YOUR INSTRUCTIONS: The part below that opens with the line containing "Les premiers effets" and closes with the line containing "Ilustração Gratis Espaço" should be copied exactly, minus any pictures.

RECORD EXCERPTS:
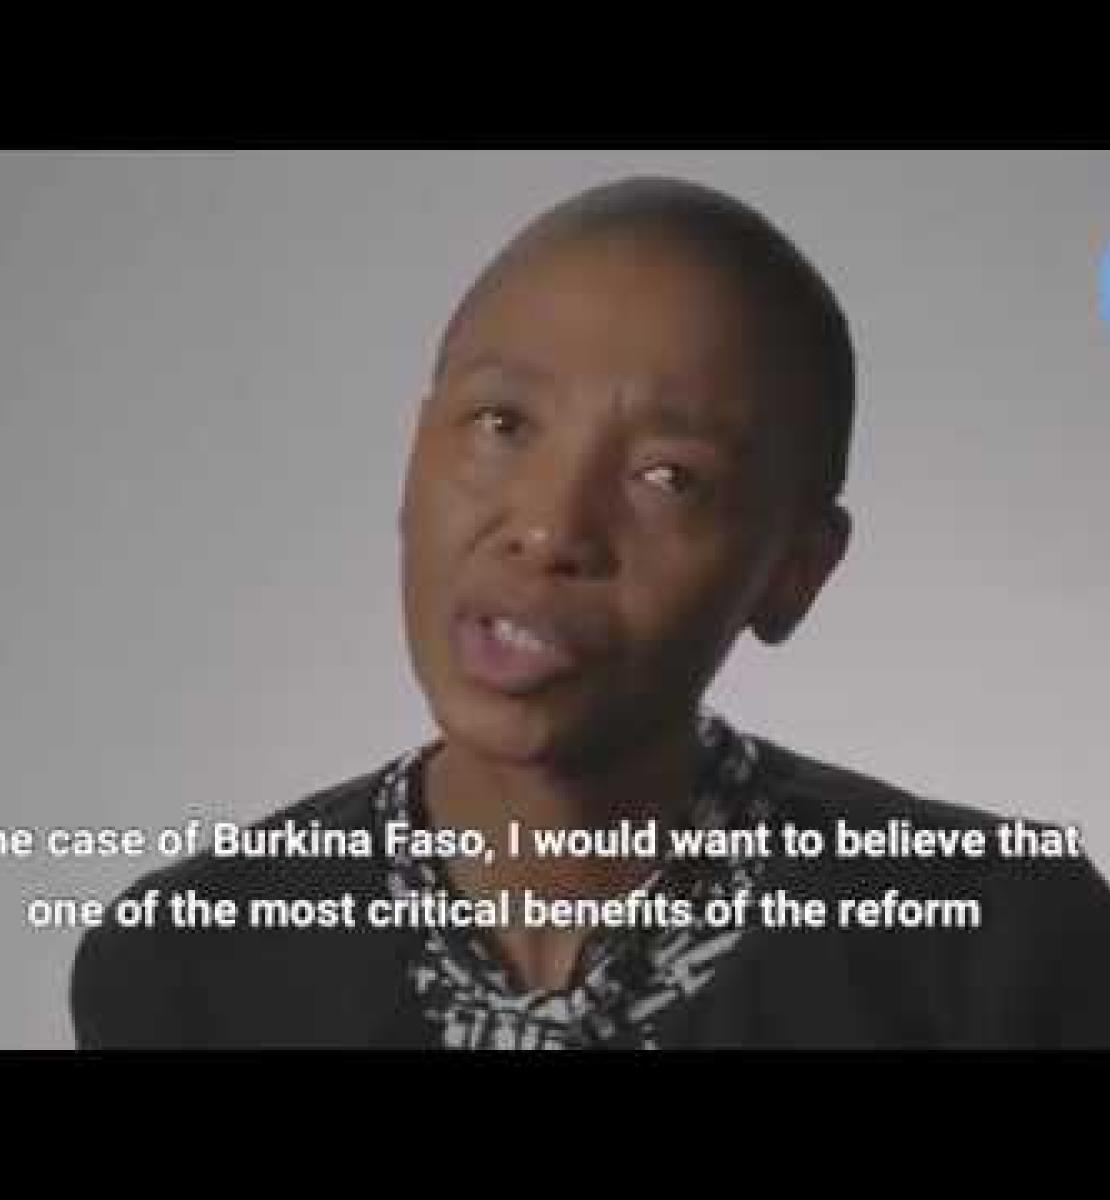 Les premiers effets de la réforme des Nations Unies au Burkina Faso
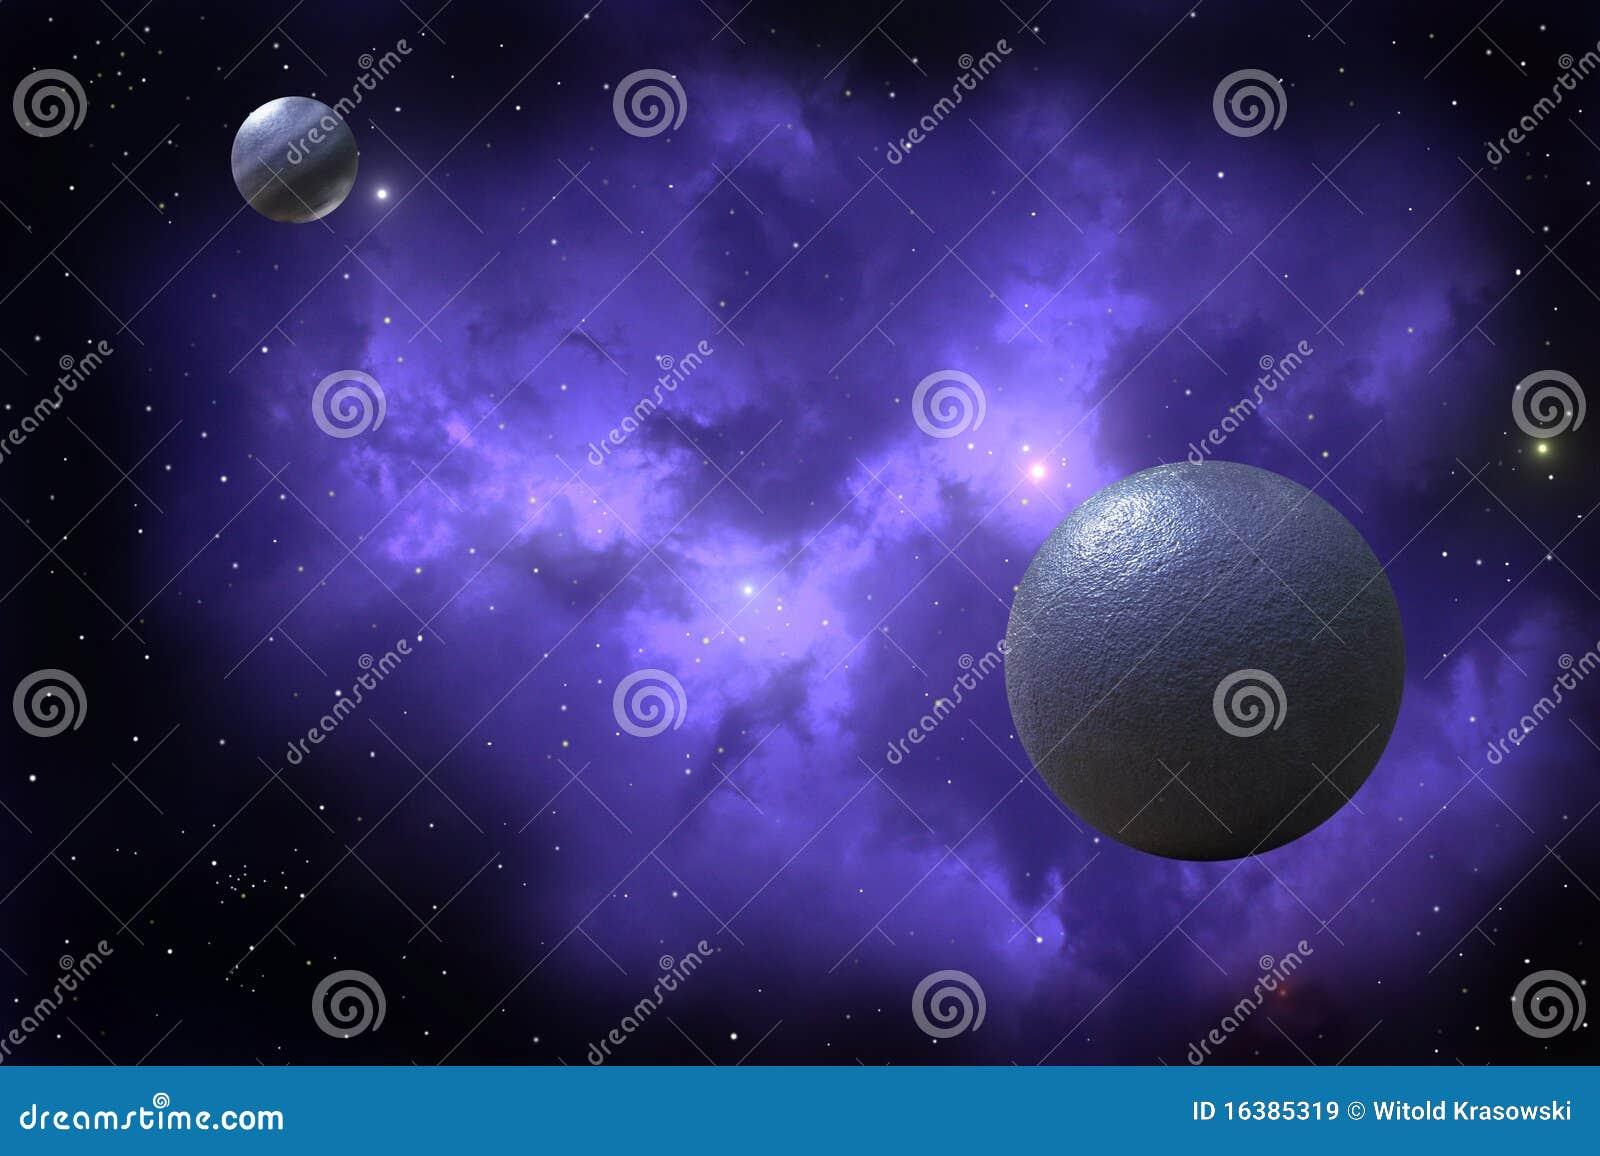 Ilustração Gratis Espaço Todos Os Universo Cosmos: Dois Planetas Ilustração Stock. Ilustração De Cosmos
==
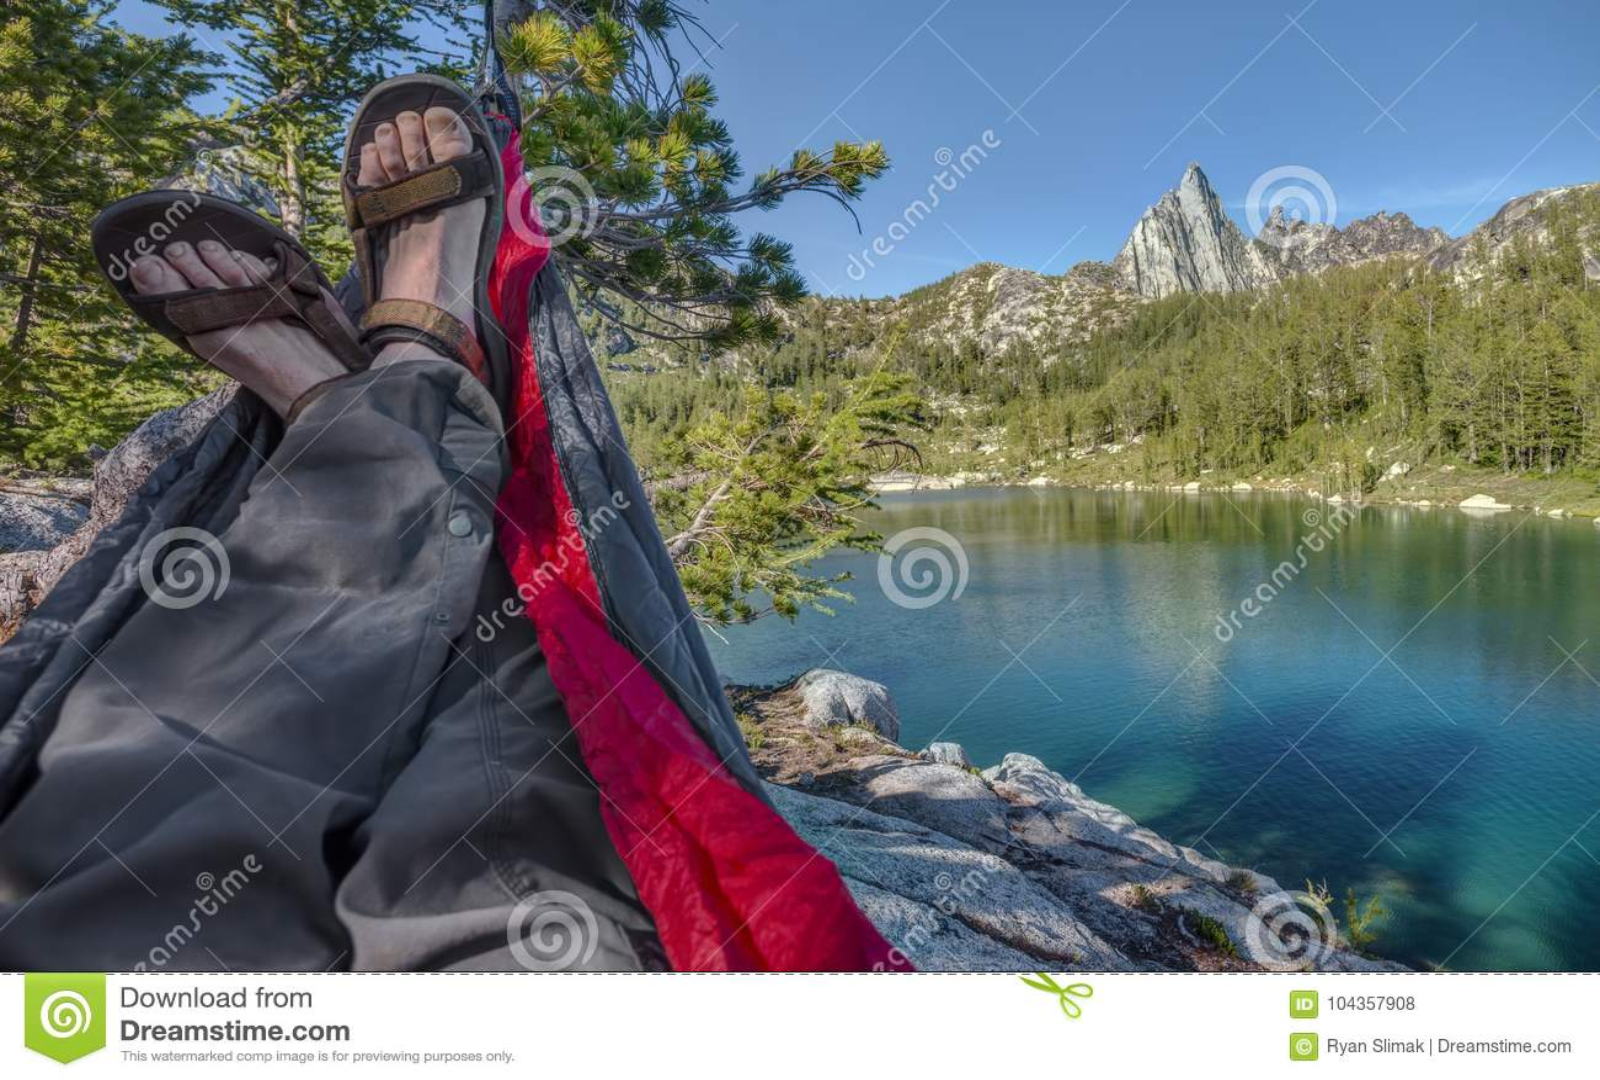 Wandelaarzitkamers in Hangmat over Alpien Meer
---
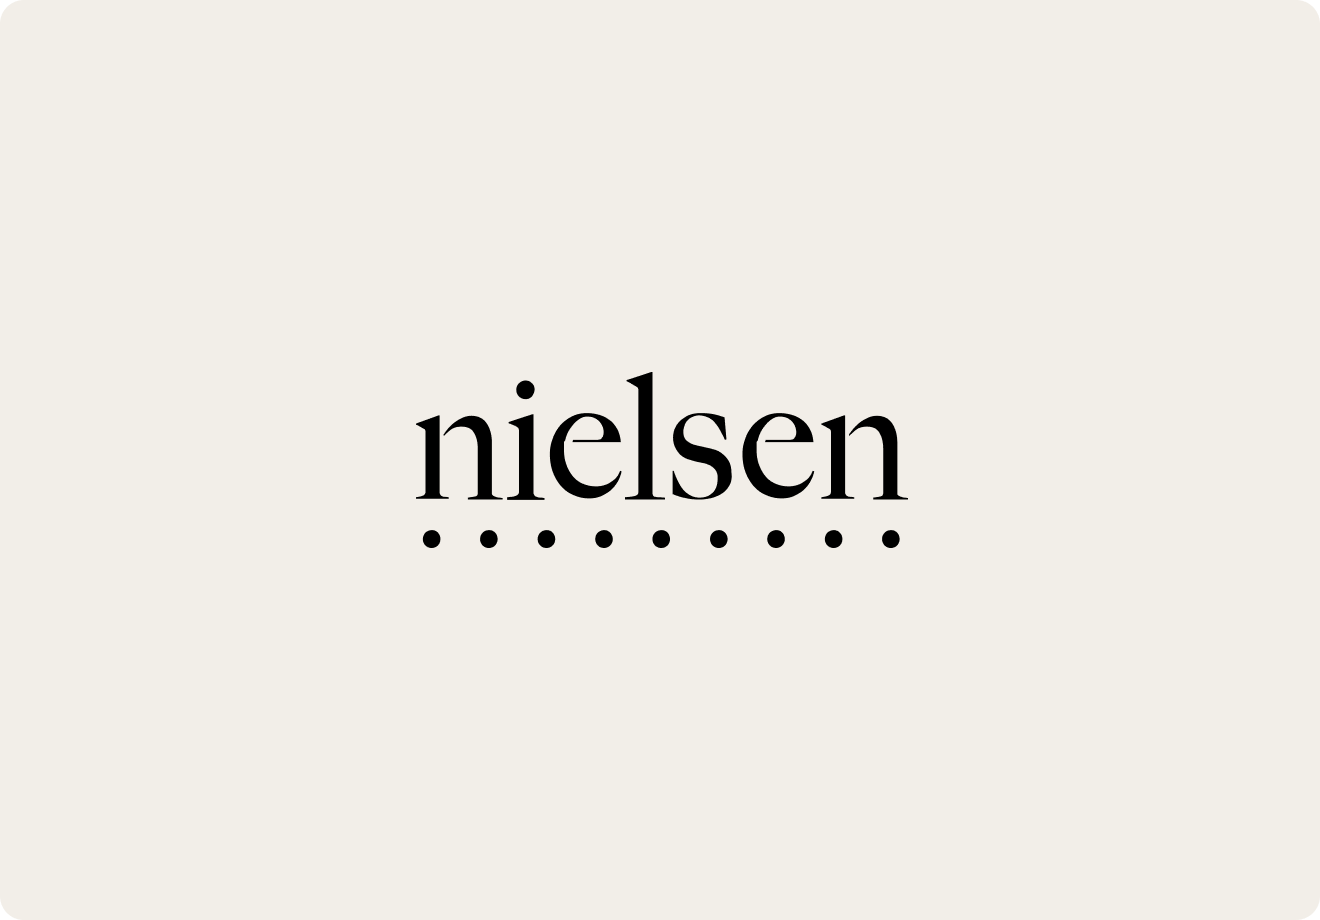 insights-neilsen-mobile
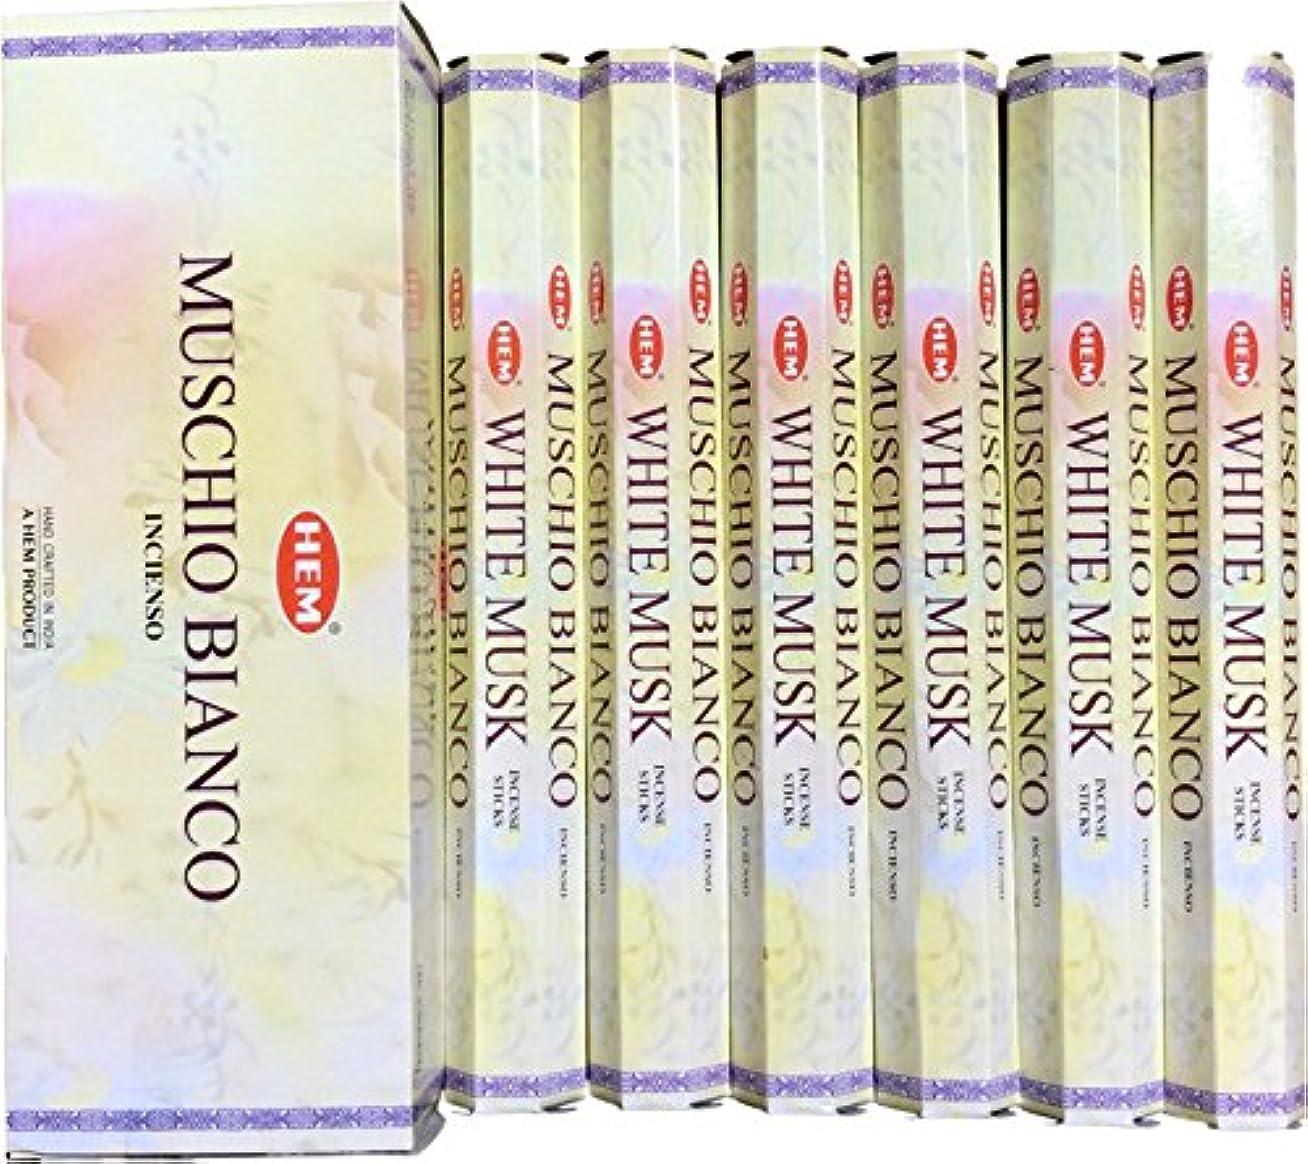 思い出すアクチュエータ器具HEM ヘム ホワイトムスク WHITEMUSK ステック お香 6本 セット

PROBLEM SOLUTION:
 Les premiers effets de la réforme des Nations Unies au Burkina Faso
 Ilustração Gratis Espaço Todos Os Universo Cosmos: Dois Planetas Ilustração Stock. Ilustração De Cosmos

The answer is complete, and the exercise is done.